> _EXERCISE PROMPT_: Reproduce verbatim, line by line, everything from the line containing "Hingis 2017 WTA" to the last line of the listing below; add nothing.
*** DATA ***
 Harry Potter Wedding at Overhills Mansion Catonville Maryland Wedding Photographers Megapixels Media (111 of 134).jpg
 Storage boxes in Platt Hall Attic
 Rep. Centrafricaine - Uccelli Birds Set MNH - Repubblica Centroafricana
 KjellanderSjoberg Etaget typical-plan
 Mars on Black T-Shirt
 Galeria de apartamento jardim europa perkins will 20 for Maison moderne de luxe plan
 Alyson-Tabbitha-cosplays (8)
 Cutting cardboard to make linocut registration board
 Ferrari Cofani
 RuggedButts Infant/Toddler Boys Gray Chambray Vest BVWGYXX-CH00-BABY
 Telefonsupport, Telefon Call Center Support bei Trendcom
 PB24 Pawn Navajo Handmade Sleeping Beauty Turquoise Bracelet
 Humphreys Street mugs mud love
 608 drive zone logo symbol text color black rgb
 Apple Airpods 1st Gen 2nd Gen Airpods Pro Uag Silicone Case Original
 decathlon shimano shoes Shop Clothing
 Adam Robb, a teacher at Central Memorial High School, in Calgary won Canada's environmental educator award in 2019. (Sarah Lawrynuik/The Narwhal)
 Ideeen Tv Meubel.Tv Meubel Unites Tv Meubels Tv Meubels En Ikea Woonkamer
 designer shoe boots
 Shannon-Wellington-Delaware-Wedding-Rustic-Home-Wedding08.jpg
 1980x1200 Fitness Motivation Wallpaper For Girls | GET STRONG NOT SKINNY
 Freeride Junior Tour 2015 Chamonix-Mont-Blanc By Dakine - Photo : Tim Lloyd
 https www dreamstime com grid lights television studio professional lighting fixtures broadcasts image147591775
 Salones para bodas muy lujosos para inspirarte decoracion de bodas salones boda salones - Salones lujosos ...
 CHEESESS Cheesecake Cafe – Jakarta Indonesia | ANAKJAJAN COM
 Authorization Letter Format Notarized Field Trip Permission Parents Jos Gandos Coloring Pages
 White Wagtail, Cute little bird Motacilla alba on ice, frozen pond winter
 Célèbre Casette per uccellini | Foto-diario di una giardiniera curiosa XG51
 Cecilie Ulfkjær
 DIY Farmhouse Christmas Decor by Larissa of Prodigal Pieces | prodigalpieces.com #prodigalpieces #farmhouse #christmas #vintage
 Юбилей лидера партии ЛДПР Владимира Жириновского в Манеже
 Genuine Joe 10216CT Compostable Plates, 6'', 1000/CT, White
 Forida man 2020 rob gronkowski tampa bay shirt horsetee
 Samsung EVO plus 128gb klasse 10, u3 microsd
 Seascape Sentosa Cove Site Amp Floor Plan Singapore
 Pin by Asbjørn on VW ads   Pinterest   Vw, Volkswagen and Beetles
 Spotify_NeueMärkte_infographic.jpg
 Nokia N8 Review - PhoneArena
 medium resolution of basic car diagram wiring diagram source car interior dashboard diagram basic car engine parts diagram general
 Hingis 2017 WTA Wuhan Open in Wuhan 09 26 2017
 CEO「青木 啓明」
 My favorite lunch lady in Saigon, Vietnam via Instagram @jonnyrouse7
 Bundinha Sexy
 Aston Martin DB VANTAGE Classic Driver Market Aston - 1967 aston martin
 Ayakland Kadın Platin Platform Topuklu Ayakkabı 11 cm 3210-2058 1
***
> _RESPONSE_:
 Hingis 2017 WTA Wuhan Open in Wuhan 09 26 2017
 CEO「青木 啓明」
 My favorite lunch lady in Saigon, Vietnam via Instagram @jonnyrouse7
 Bundinha Sexy
 Aston Martin DB VANTAGE Classic Driver Market Aston - 1967 aston martin
 Ayakland Kadın Platin Platform Topuklu Ayakkabı 11 cm 3210-2058 1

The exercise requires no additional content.